Not your grandmother’s quilts

Wednesday, December 4, 2013

Since its inception in 1997, the La Conner Quilt & Textile Museum has established an influence on fiber arts from the Northwest across the Pacific to Hawaii and Japan.

These are not your grandmother’s quilts. Fiber artists weave, hook, sew, stitch, draw, dye and knot, creating rich textures and three-dimensional compositions—it’s enough to make a mere painter throw down his brush and weep.

The “quilt museum” on the hilltop in quaint La Conner now hosts “Abstracted,” a show by 44 members of the Fibre Art Network of Western Canada that raises subtle artistic questions and probes both social and racial issues.

The curator of the exhibit, Vivian Kapusta, challenged her colleagues with themes such as “Glenn Gould,” “Milkweed,” and “Ichthyic Biosphere.“ One artist renders the theme realistically and another abstracts it.

So what is an abstraction? 

“As soon as an artist interprets the image the abstraction begins,” Kapusta says. “When the image is further simplified it becomes more abstract. A very abstract piece takes only the ‘bare bones’ of the design—but the relationship to the original design remains. The final abstraction reflects the feeling/emotion of the image and the meaning may not be obvious.”

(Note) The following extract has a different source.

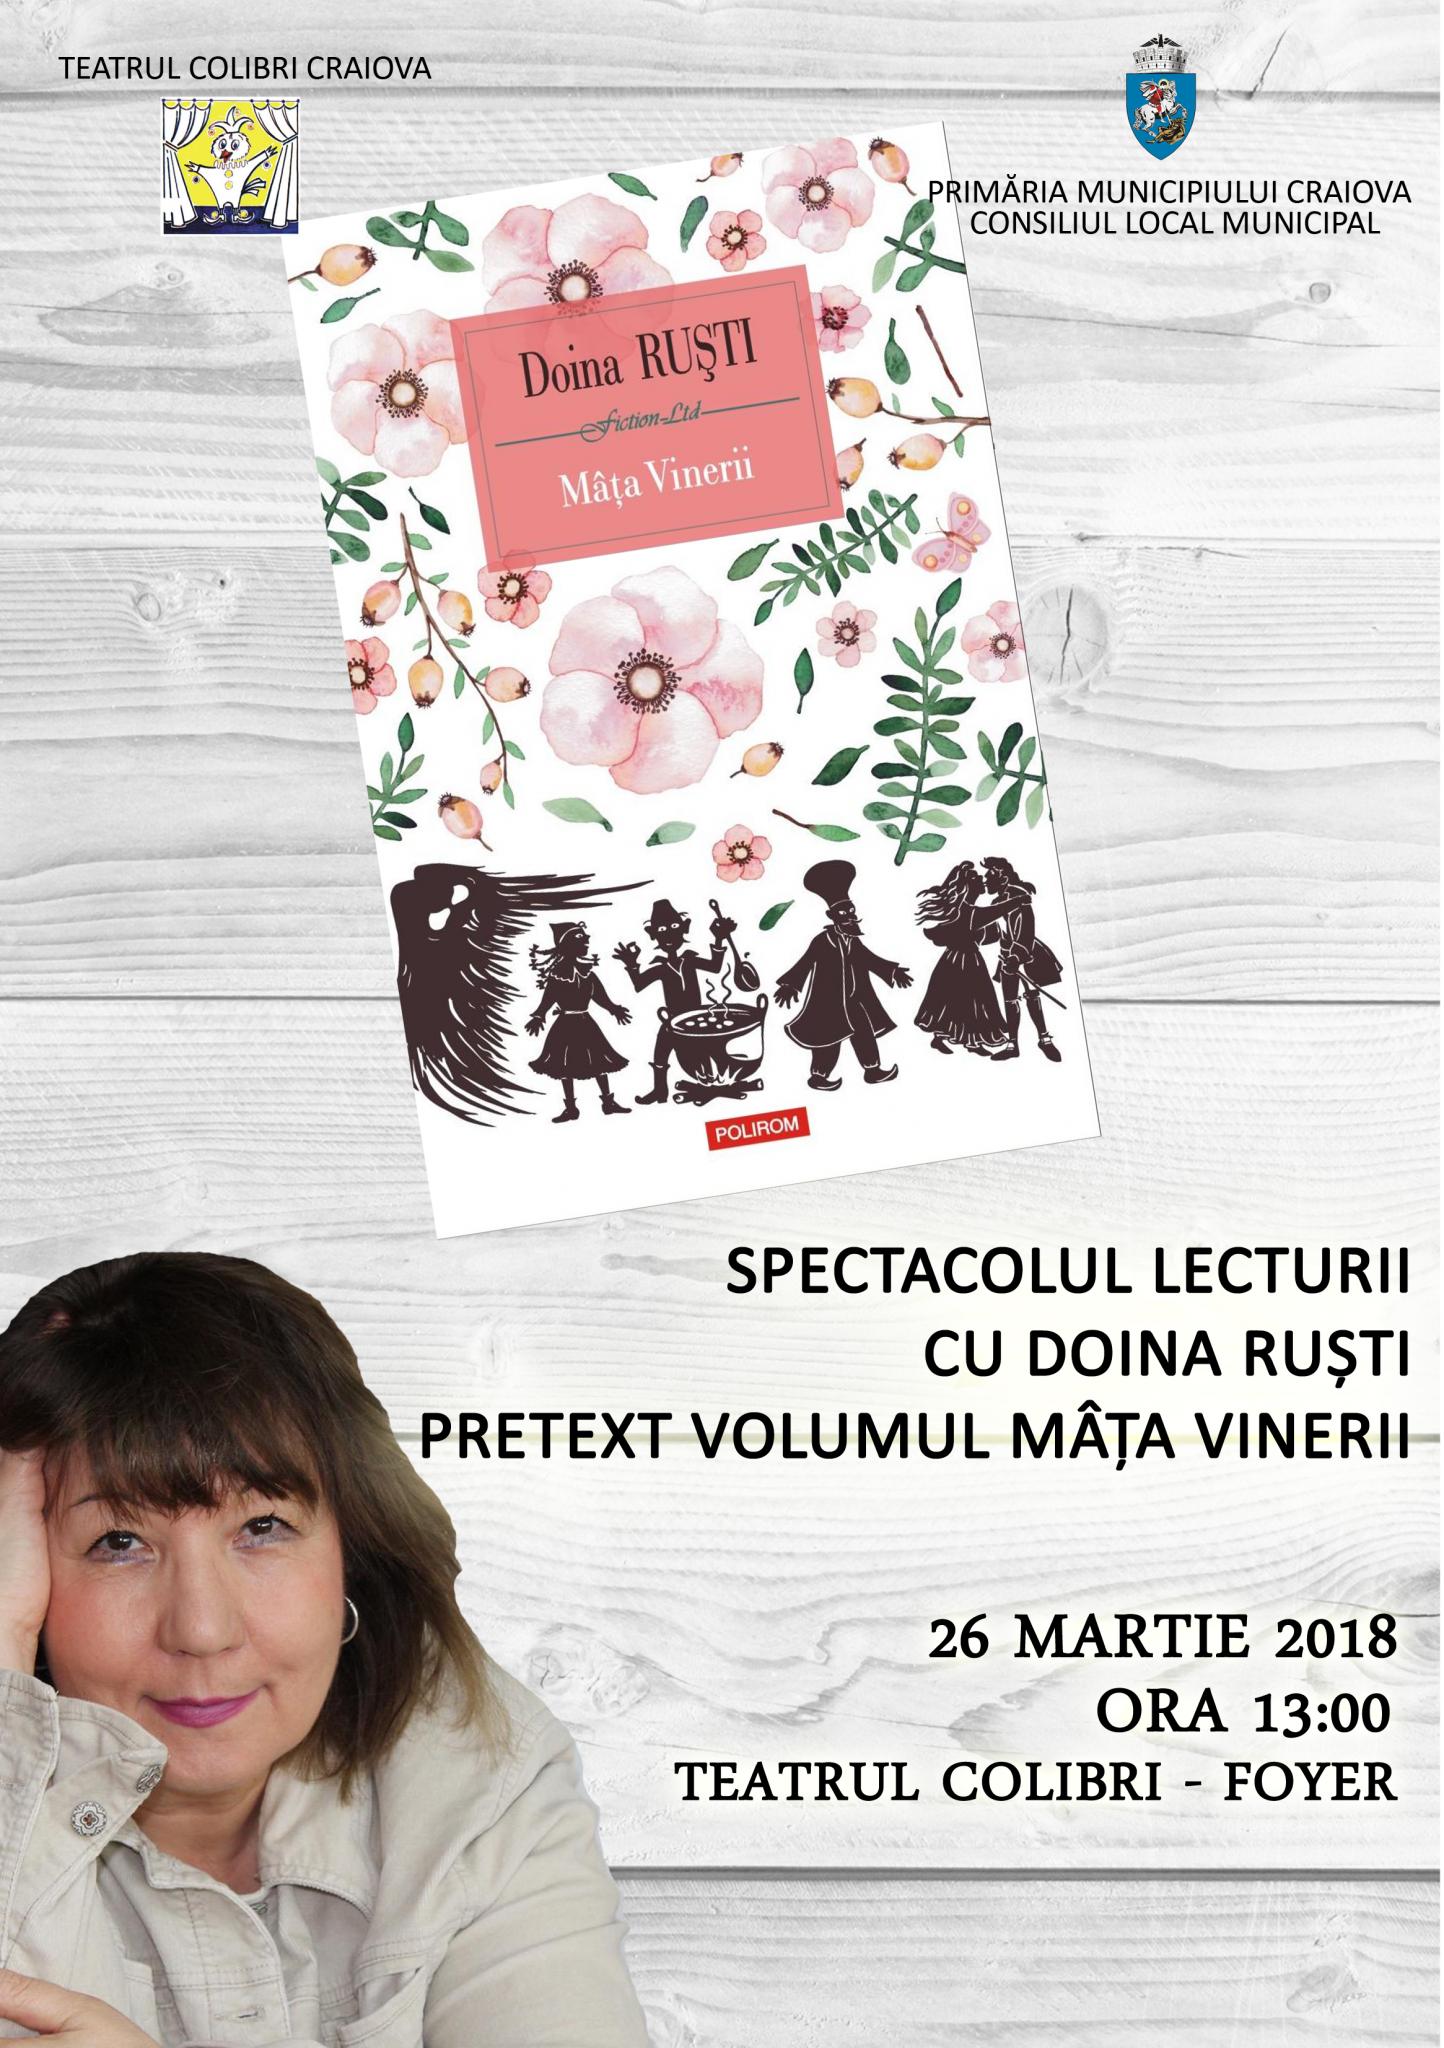 Teatrul Colibri: Spectacolul lecturii, cu Doina Ruști

Not obvious, indeed. In “Trees and Roots,” artist Kristin Miller interprets a wild windstorm on Gabriola Island with a brilliant swirl of objects flying through trees. Janet Bednarczyk responds with sizzling red roots and a subterranean family of fungal gnomes symbiotically supporting the life above ground.

Valerie Wilson’s Op Art tail-fin view of the ‘57 Chevy in “Fifties Flair” is as lush as your teenage dreams, but the minimalist response is equally effective: Brandy Lynn Maslowski’s bird’s-eye view of white lines split the asphalt where red squares recklessly dance, expressing speed and freedom.  

“Ichthyic Biosphere,” by Judith Panson, contrasts rainbow-colored, cartoon fish with an equally “realistic” scene by Kathleen Hamann Bukoski who embroiders fish skeletons in a dead ocean; beware of global warming.

Several themes resonate deeply with Canadians. The “Arbutus” images celebrate the sensuous branches of this delicate and beloved tree that hugs the shoreline far up into British Columbia. “Glenn Gould” evokes the eccentric Toronto musical prodigy who became one of the most celebrated classical pianists of the 20th century before his untimely death.

With the panels entitled “Chooutla,” emotional abstraction invades the “representative” side.  Diana Bartelings renders a bone-white institutional building framed by mountain and forest. Aiming at it is a menacing red hatchet that encloses a caribou—hung on a crucifix. 

Chooutla, in the Yukon, was one of the government schools where native children in the past century were stripped of their language, their sense of belonging, their very identity.  These victims of abuse are even now receiving monetary settlement and apology from the Canadian government.  The answering panel by Cathie King employs a phoenix design by a native artist, to symbolize the survival of the human spirit and rebirth of native culture.